**WHAT THE TASK ASKS**
Exactly as they appear below, repeat the lines from the one with "NOS Genuine 16820-05035" through the one with "John Мяч Cars". Drop every picture.
[[ RECORDS FOR THIS TASK open ]]
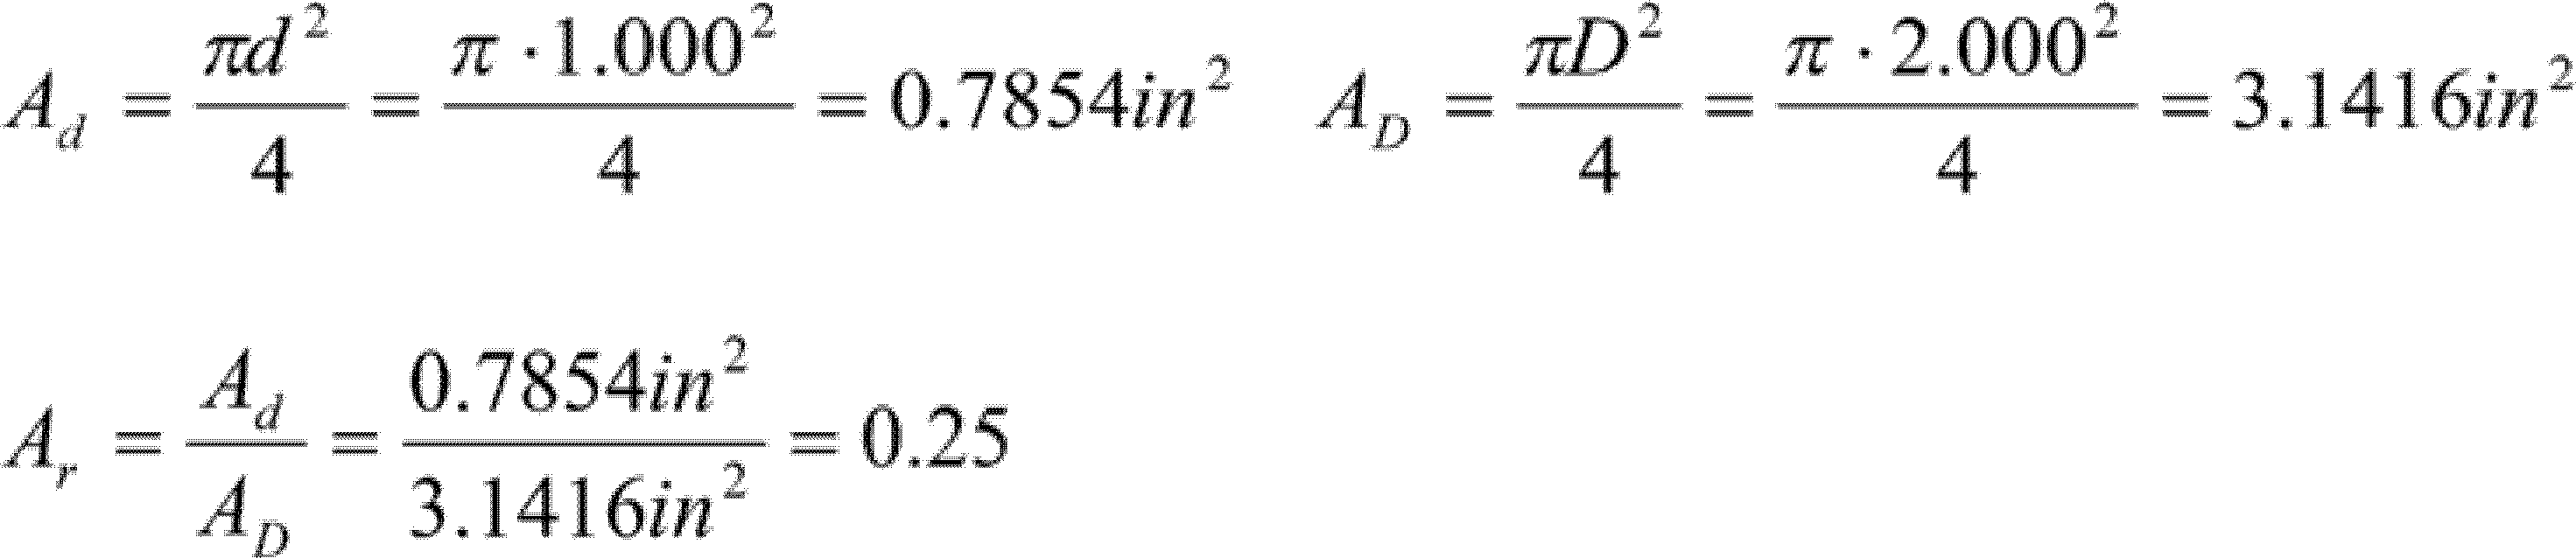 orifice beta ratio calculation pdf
[[ RECORDS FOR THIS TASK closed ]]
[[ RECORDS FOR THIS TASK open ]]
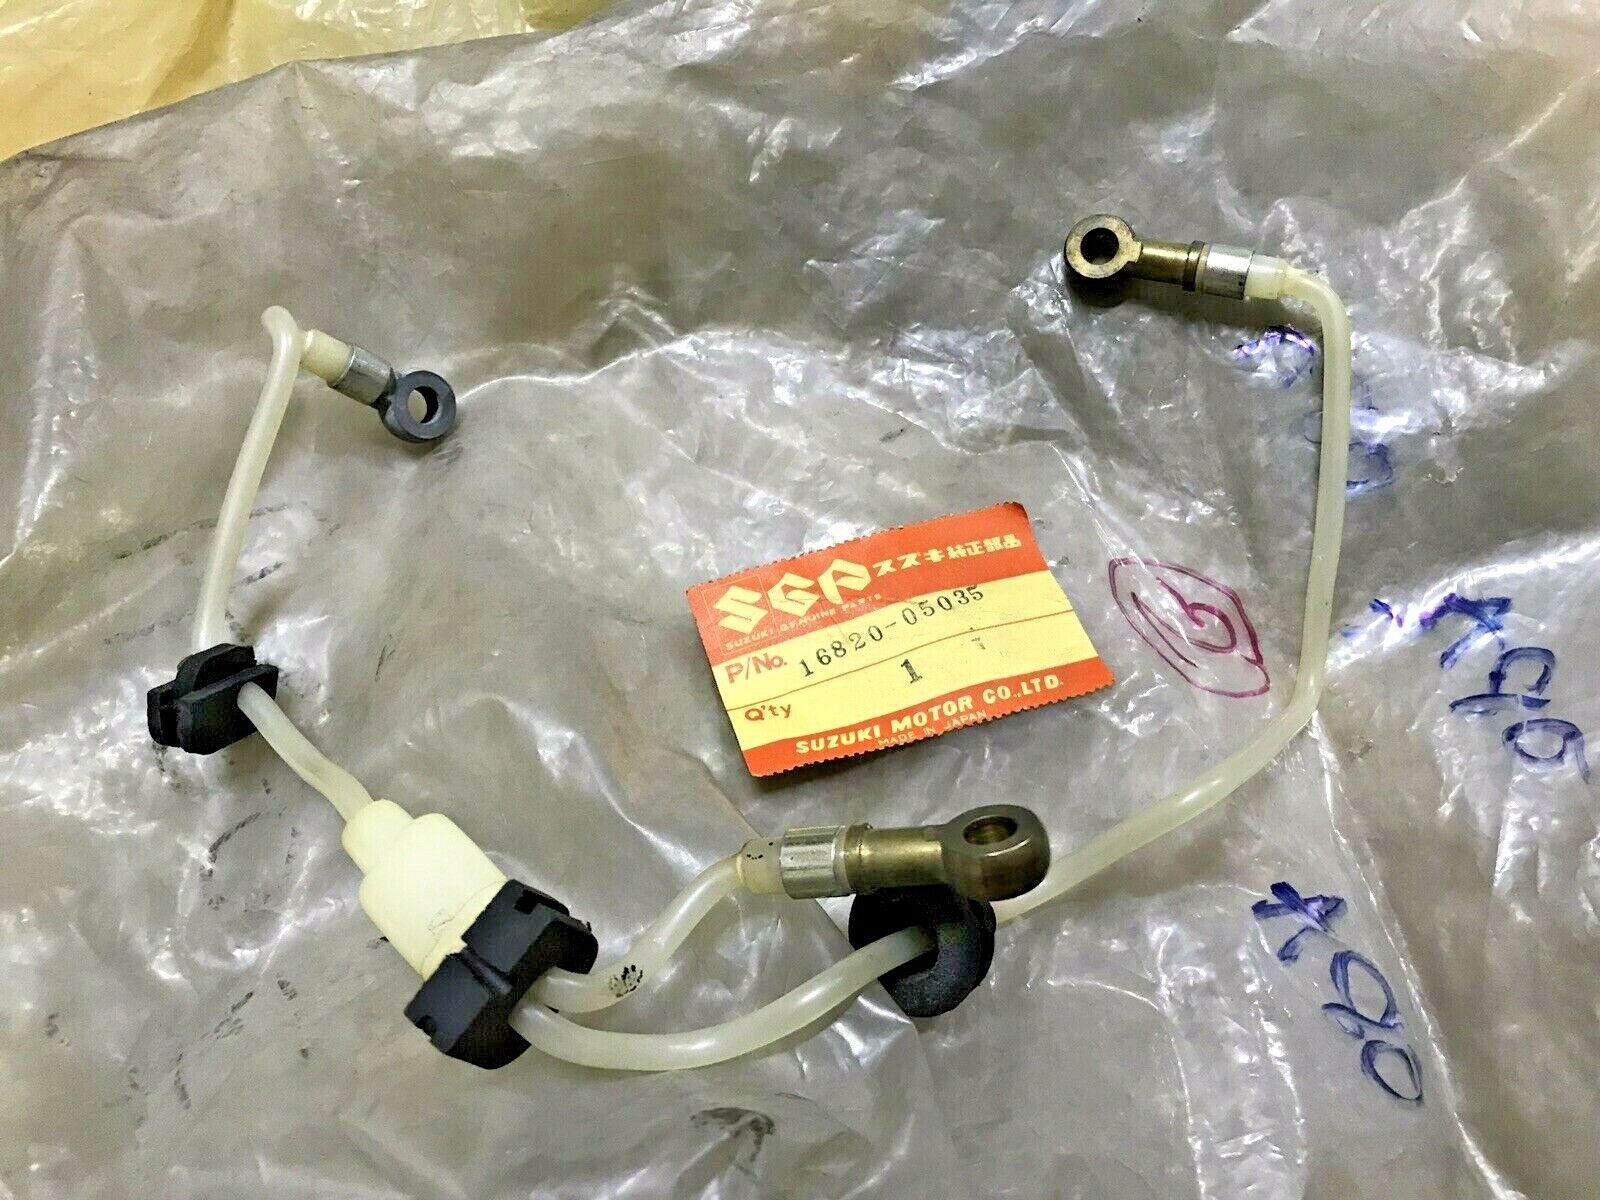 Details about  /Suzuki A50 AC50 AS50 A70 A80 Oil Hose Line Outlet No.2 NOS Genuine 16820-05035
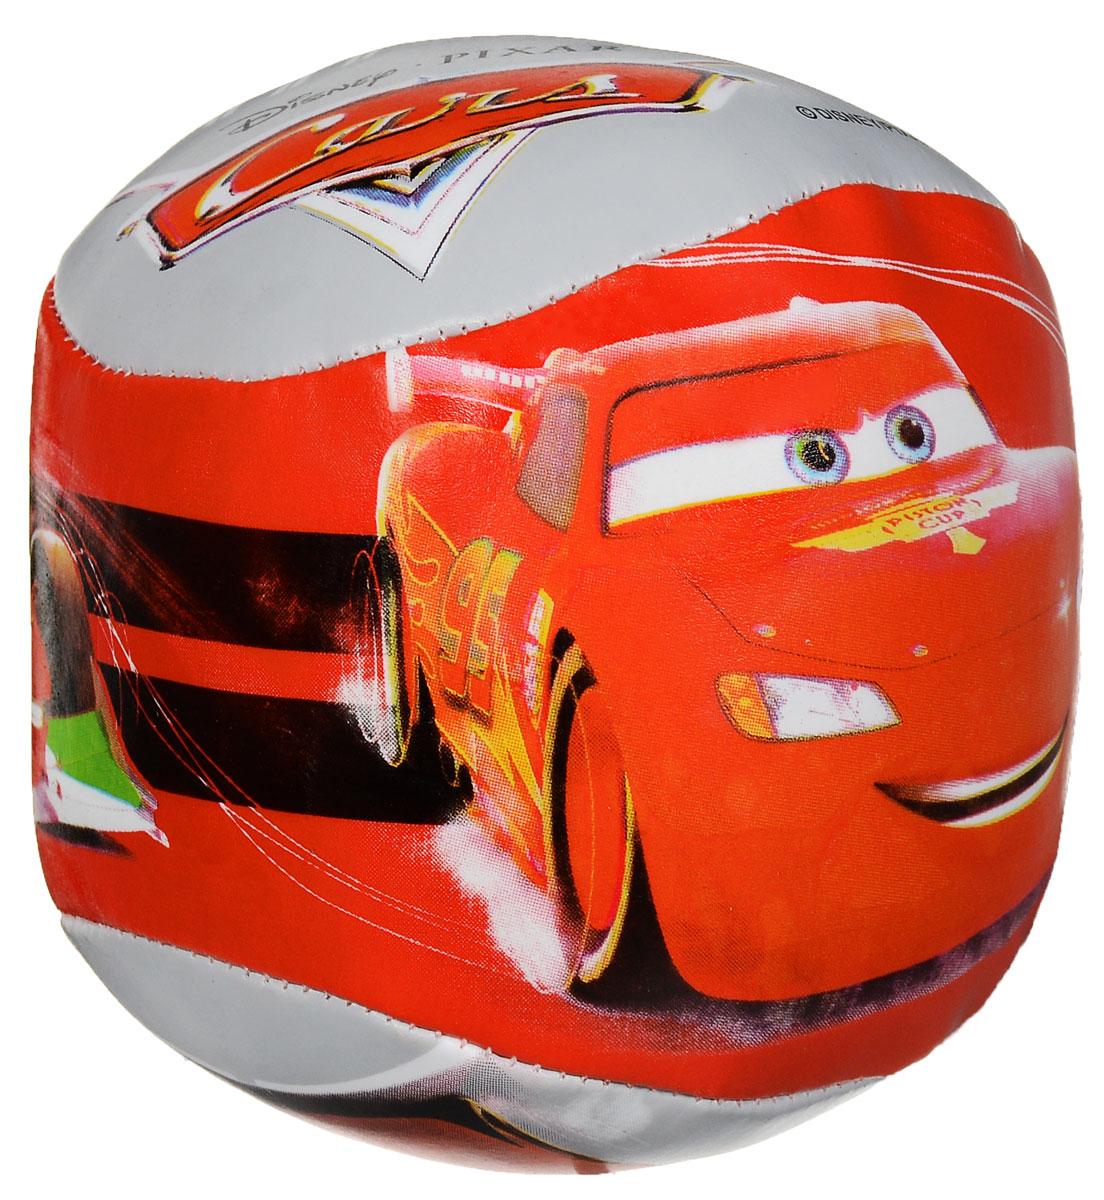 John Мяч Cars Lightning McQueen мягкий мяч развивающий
[[ RECORDS FOR THIS TASK closed ]]
**THE ANSWER**
 Details about  /Suzuki A50 AC50 AS50 A70 A80 Oil Hose Line Outlet No.2 NOS Genuine 16820-05035
 John Мяч Cars Lightning McQueen мягкий мяч развивающий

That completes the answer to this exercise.